▸ **Your assignment**: From the first line below to the last, reproduce the material exactly and leave out the images.

====== Data section

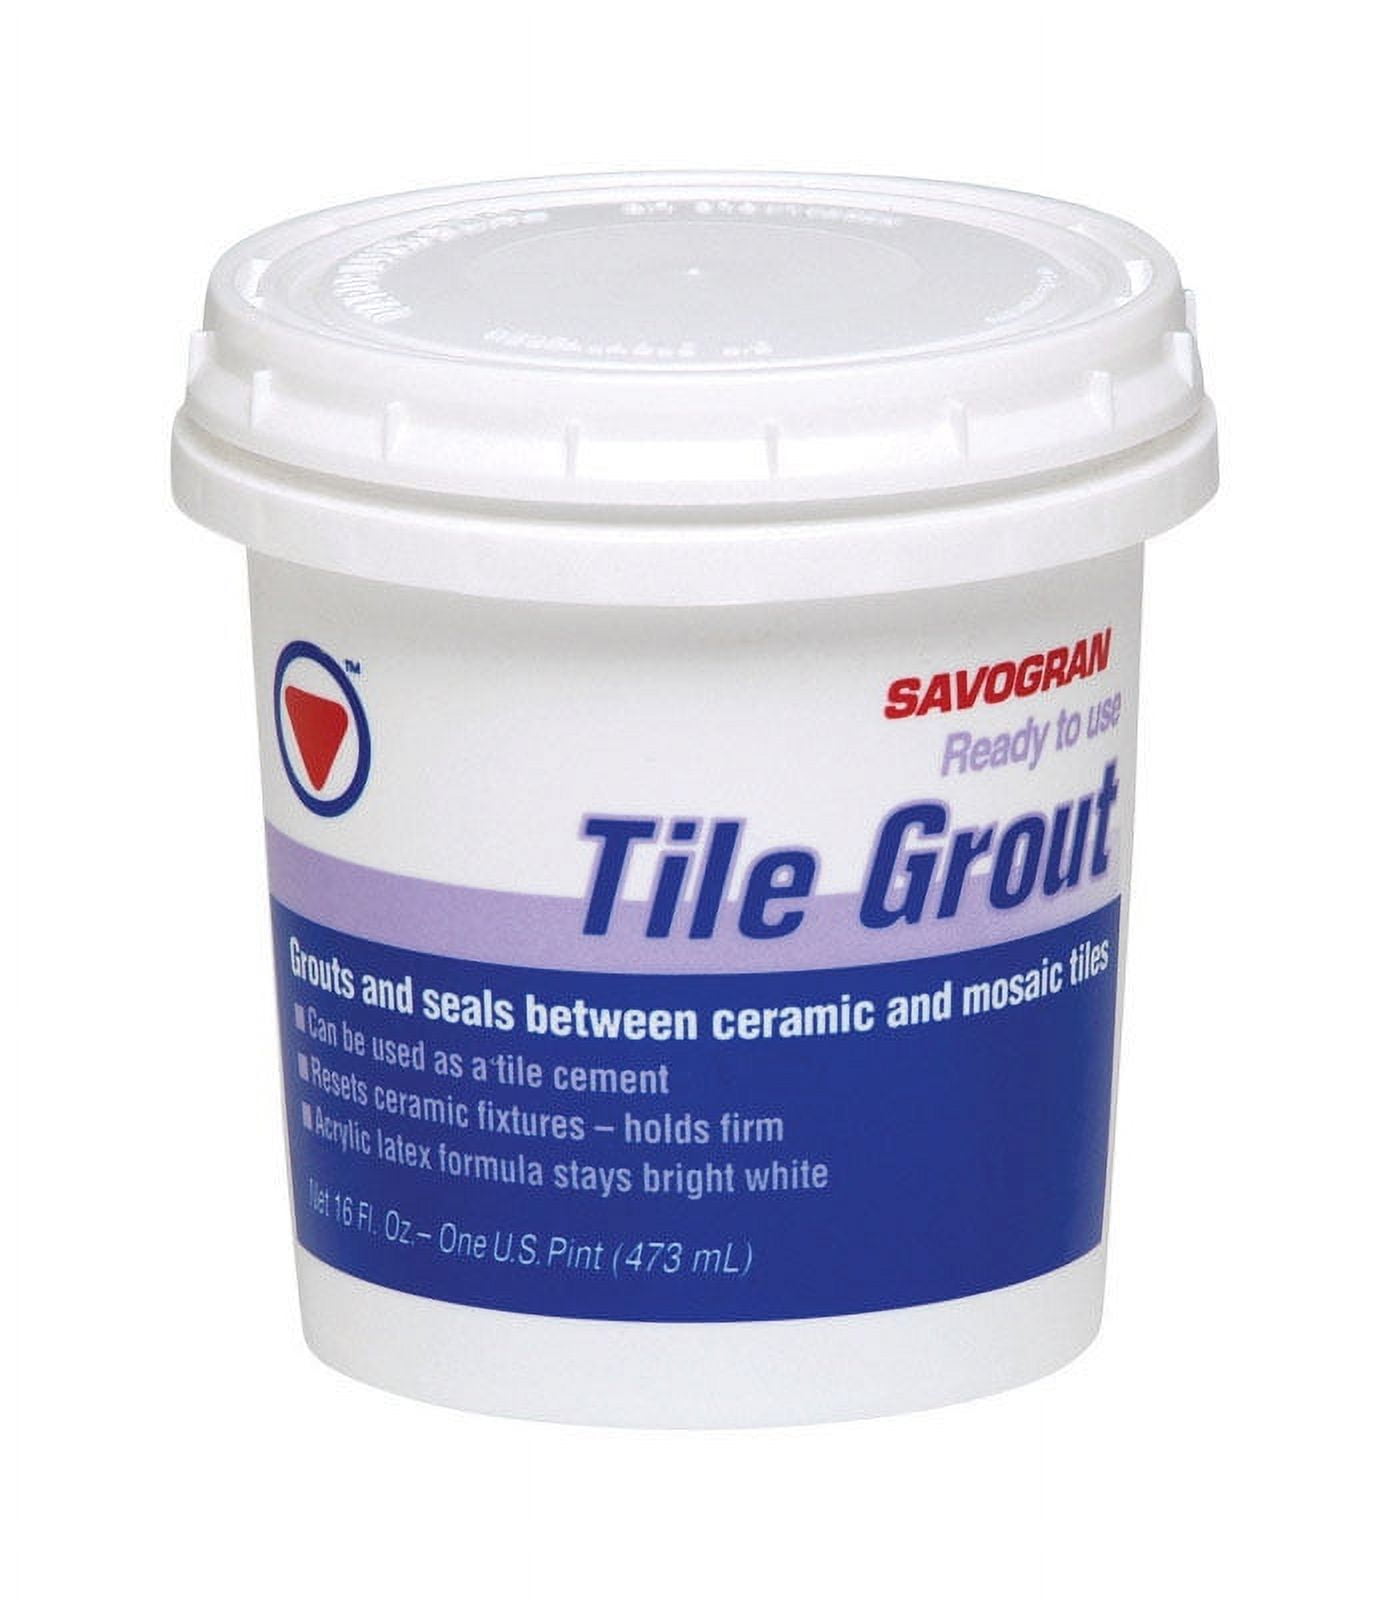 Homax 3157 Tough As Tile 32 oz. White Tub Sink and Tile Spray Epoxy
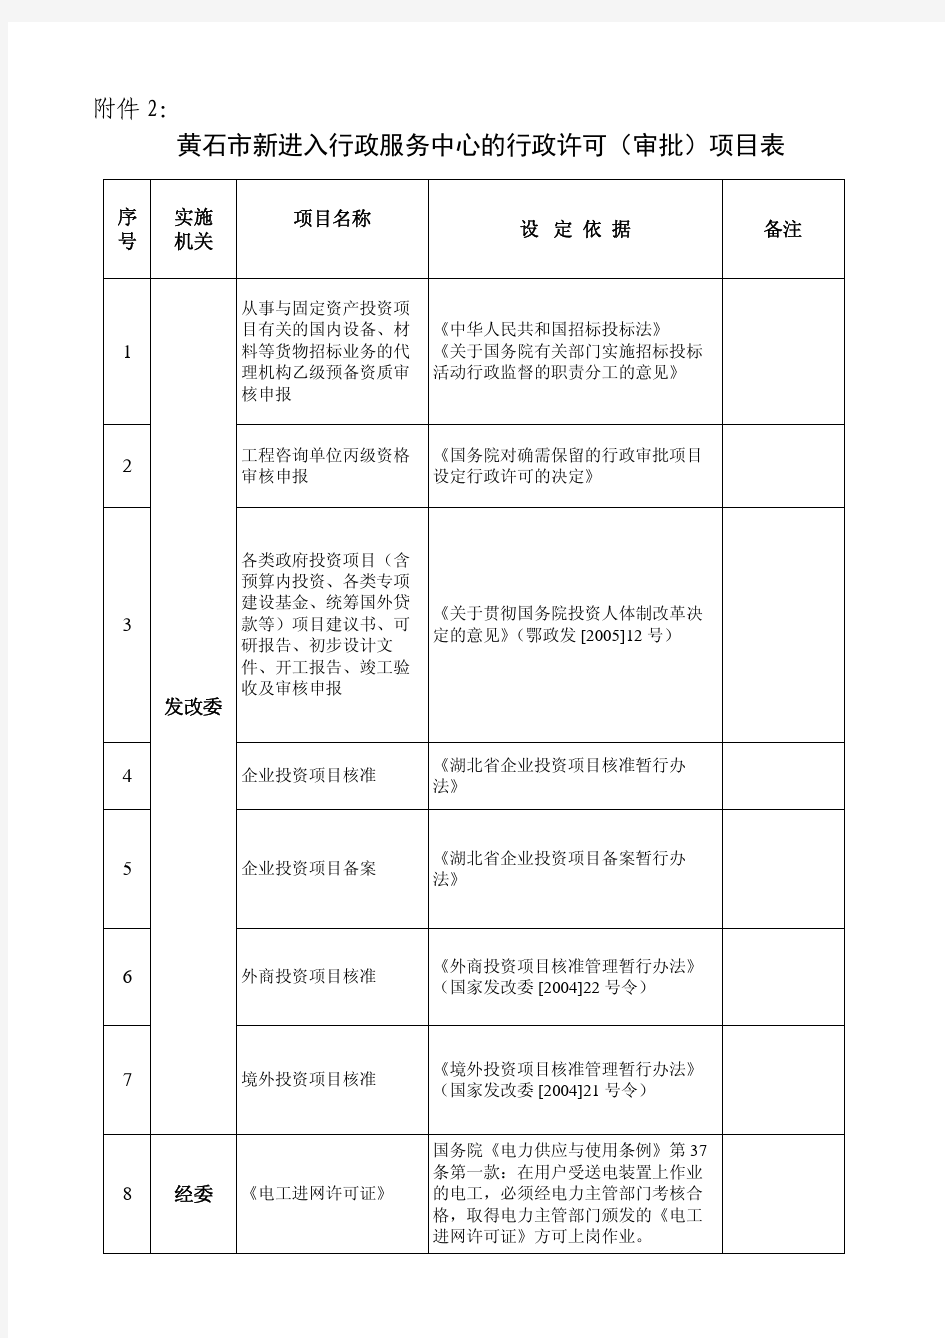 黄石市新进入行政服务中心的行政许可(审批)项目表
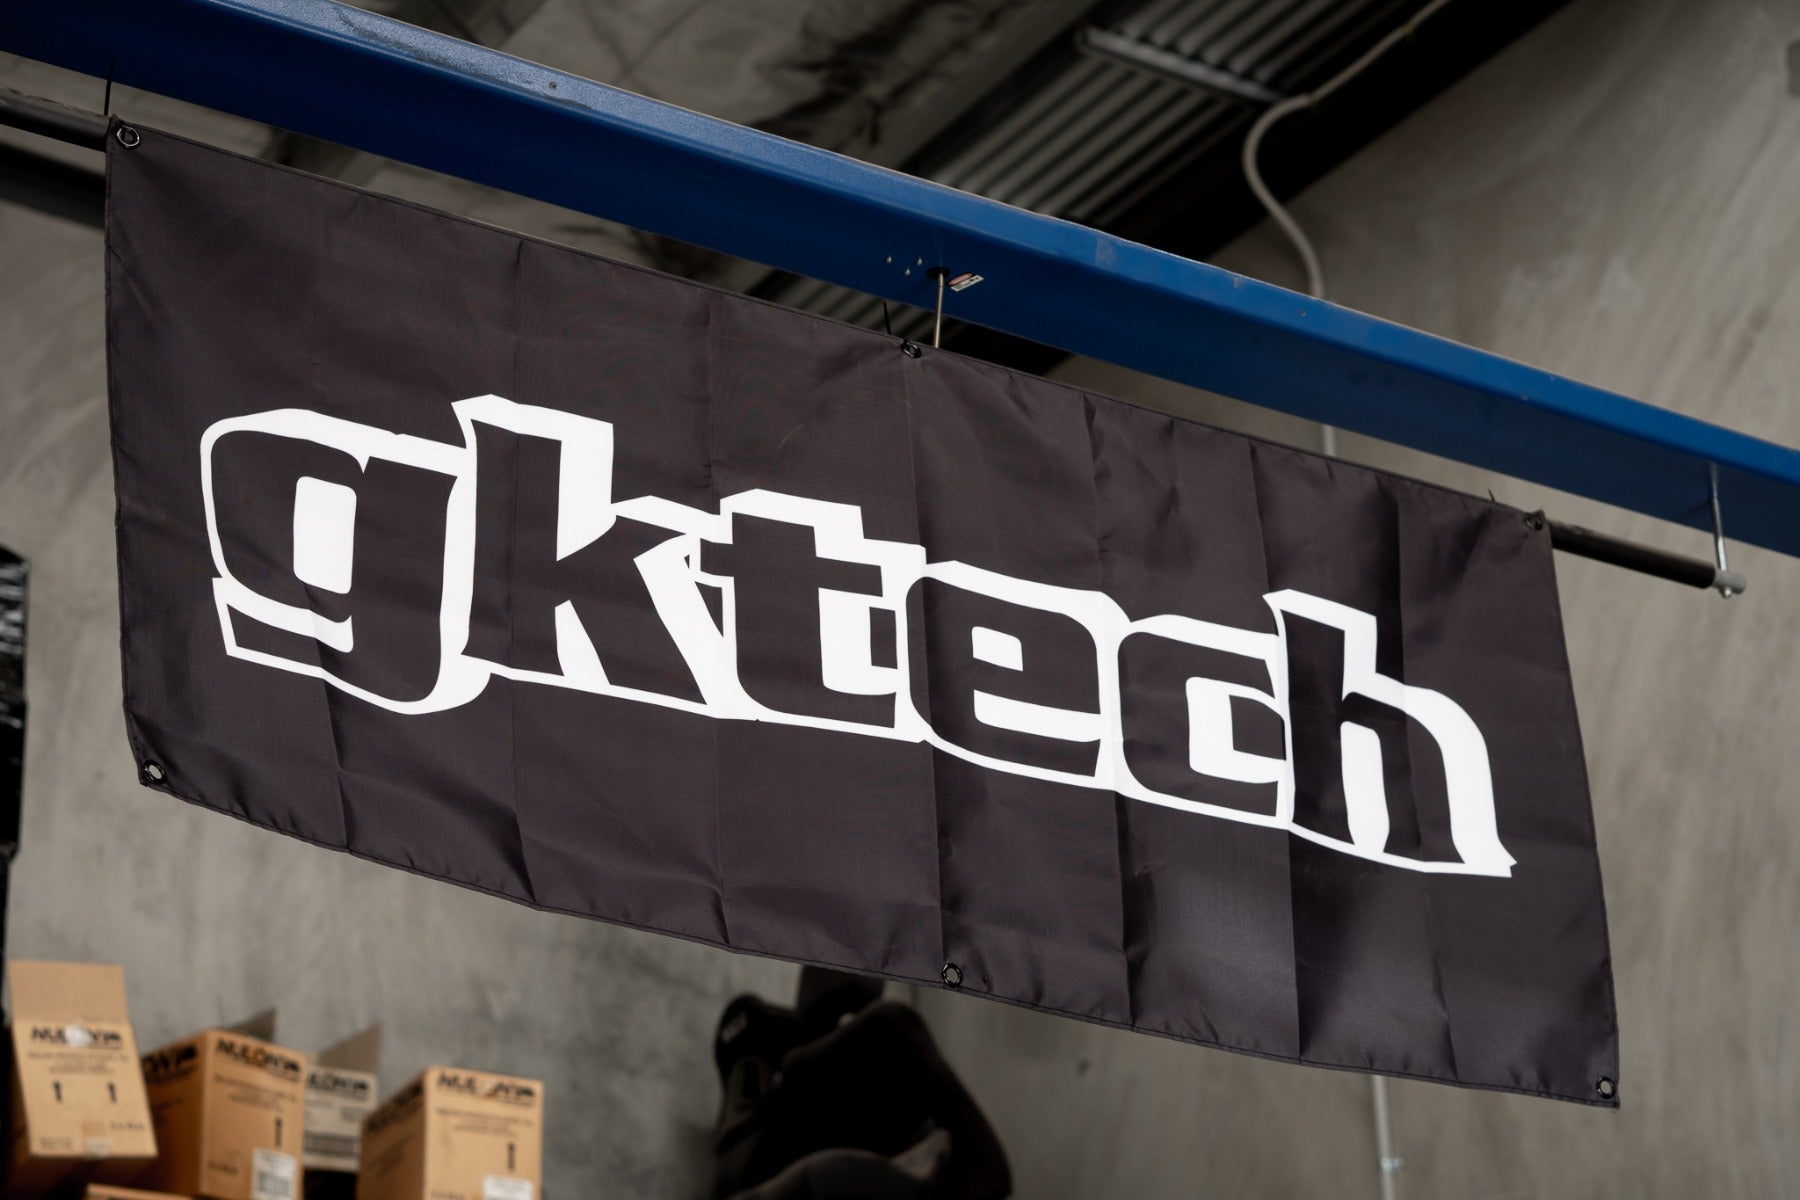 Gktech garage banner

============

▸ **Answer box**:
 Homax 3157 Tough As Tile 32 oz. White Tub Sink and Tile Spray Epoxy
 黄石市新进入行政服务中心的行政许可(审批)项目表
 Gktech garage banner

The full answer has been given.